Demòcrates et Concòrdia déposent des amendements pour affiner la loi andorrane sur la dissolution des sociétés inactives
Les propositions resserrent les critères de dissolution en exigeant zéro actif ou passif, prolongent la régularisation à cinq mois et limitent les sanctions aux cas de mauvaise foi, pour équilibrer nettoyage et protection des entreprises.
Points cles
- Demòcrates veut limiter la dissolution aux sociétés sans actifs ni passifs, renvoyant les autres au tribunal.
- Concòrdia propose d’étendre la régularisation de 1 à 5 mois et de restreindre les interdictions de direction aux cas de mauvaise foi.
- Le projet cible les sociétés inactives depuis 2 ans avec manquements comme impôts ou dépôts non effectués.
- La commission de l’Économie examinera les amendements pour la loi finale épurant les entités dormantes.
La date limite pour soumettre des amendements au projet de loi gouvernemental sur la dissolution des sociétés inactives en Andorre est passée, avec des propositions de Demòcrates et Concòrdia qui affinent les critères et offrent plus de flexibilité aux entreprises.
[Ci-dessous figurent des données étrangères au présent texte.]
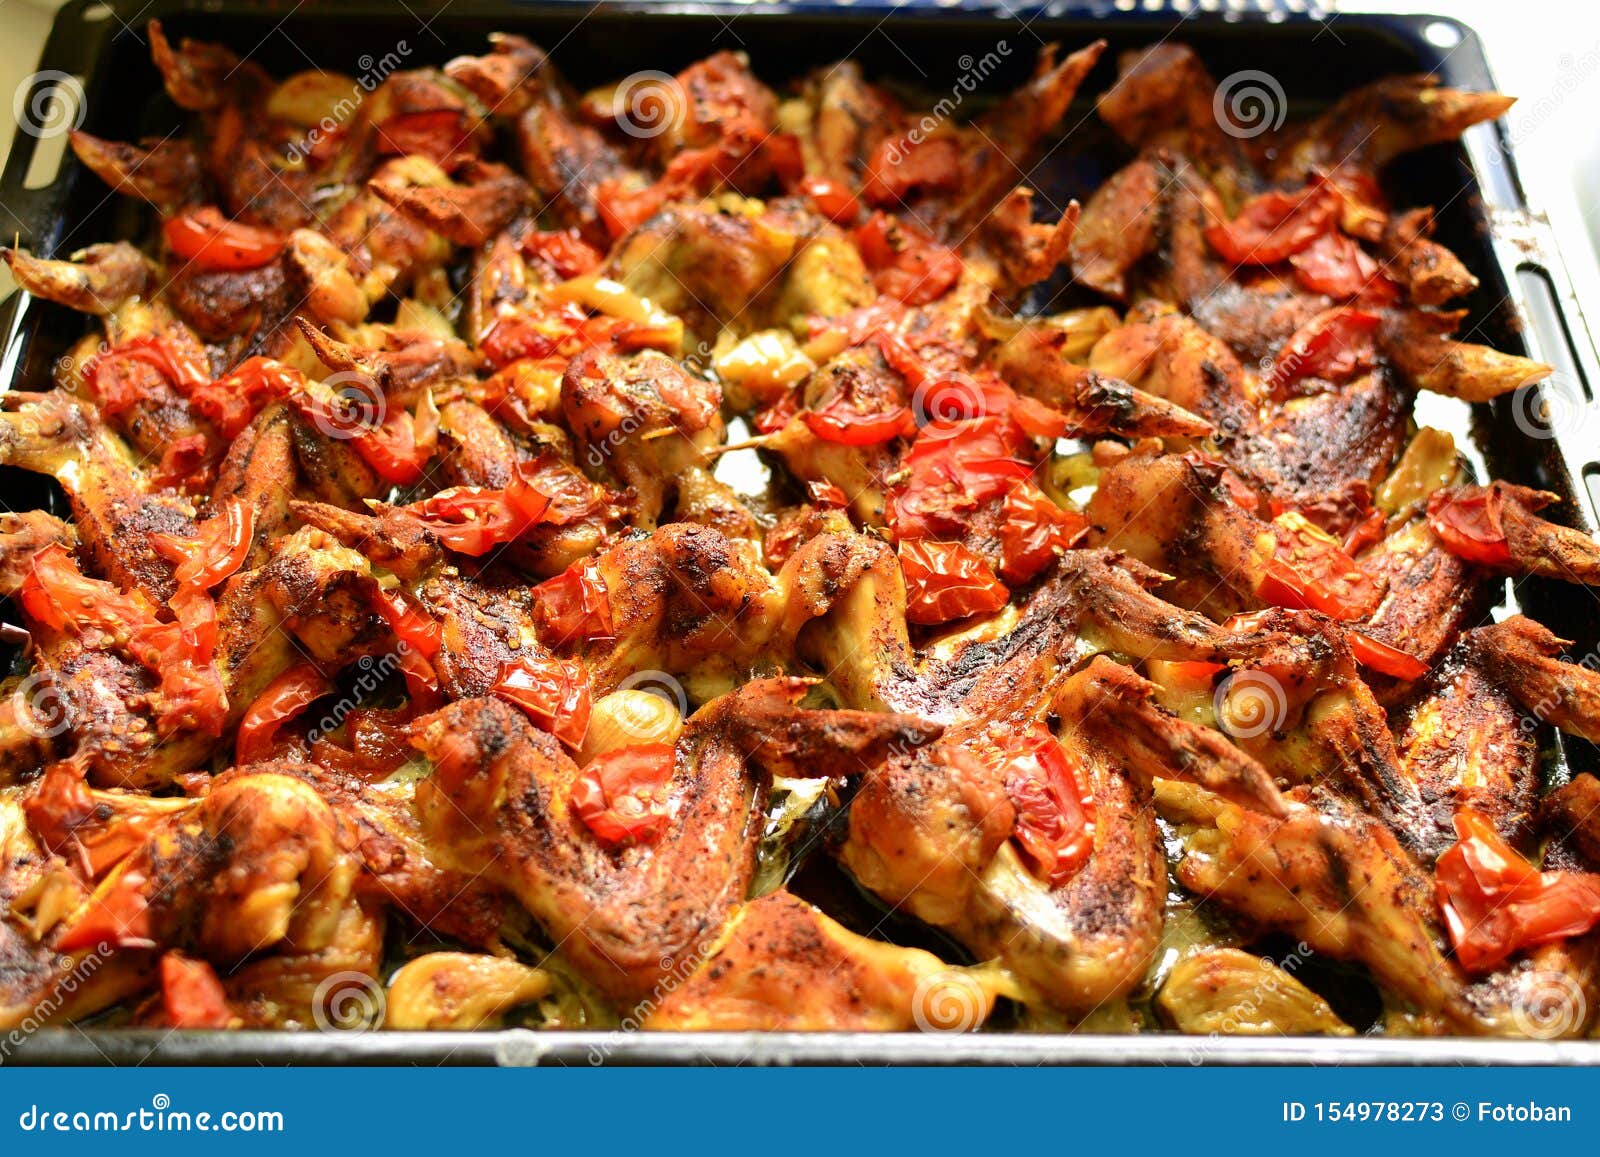 baked chicken wings on pepper a with garlic and tomate

Demòcrates, partie de la majorité gouvernementale, a déposé quatre amendements pour resserrer les conditions de lancement des procédures de dissolution. Le projet initial vise les sociétés sans activité économique effective, sans employés et avec au moins deux manquements aux obligations — tels que le non-dépôt des comptes, des déclarations fiscales ou la mise à jour des bénéficiaires au Registre des sociétés — sur deux exercices fiscaux consécutifs. Les amendements ajoutent que les sociétés doivent aussi être dépourvues d’actifs ou de passifs pour procéder. Celles détenant des biens ou ayant des dettes feraient l’objet d’une suspension de la procédure et d’une renvoi devant le Tribunal des Batlles.
Une fois que le gouvernement aura publié la procédure au Bulletin officiel de la Principauté d’Andorre (BOPA), toute partie intéressée disposera de 30 jours naturels pour informer le directeur des Registres juridiques et économiques ou le registraire du commerce de l’existence de tels actifs ou passifs. S’ils sont vérifiés ultérieurement, la procédure serait classée ou réorientée en conséquence.
Concòrdia a soumis cinq amendements, dont une proposition d’allonger la période de régularisation pour les sociétés à risque d’un mois à cinq mois, leur laissant plus de temps pour se conformer. Le groupe, dirigé par Cerni Escalé, souhaite aussi limiter les sanctions contre les administrateurs — comme une interdiction d’un an d’exercer des fonctions dirigeantes dans d’autres sociétés — aux cas de mauvaise foi avérée. Une autre mesure obligerait la Caisse andorrane de sécurité sociale (CASS) à fournir des détails sur d’éventuels employés, y compris leurs identités, pour détecter d’éventuelles fraudes.
Aucun autre groupe parlementaire n’a présenté d’amendements. La commission législative de l’Économie examinera désormais le projet de loi, les propositions retenues façonnant la loi finale visant à purger le registre du commerce des entités véritablement dormantes tout en protégeant celles ayant des intérêts financiers.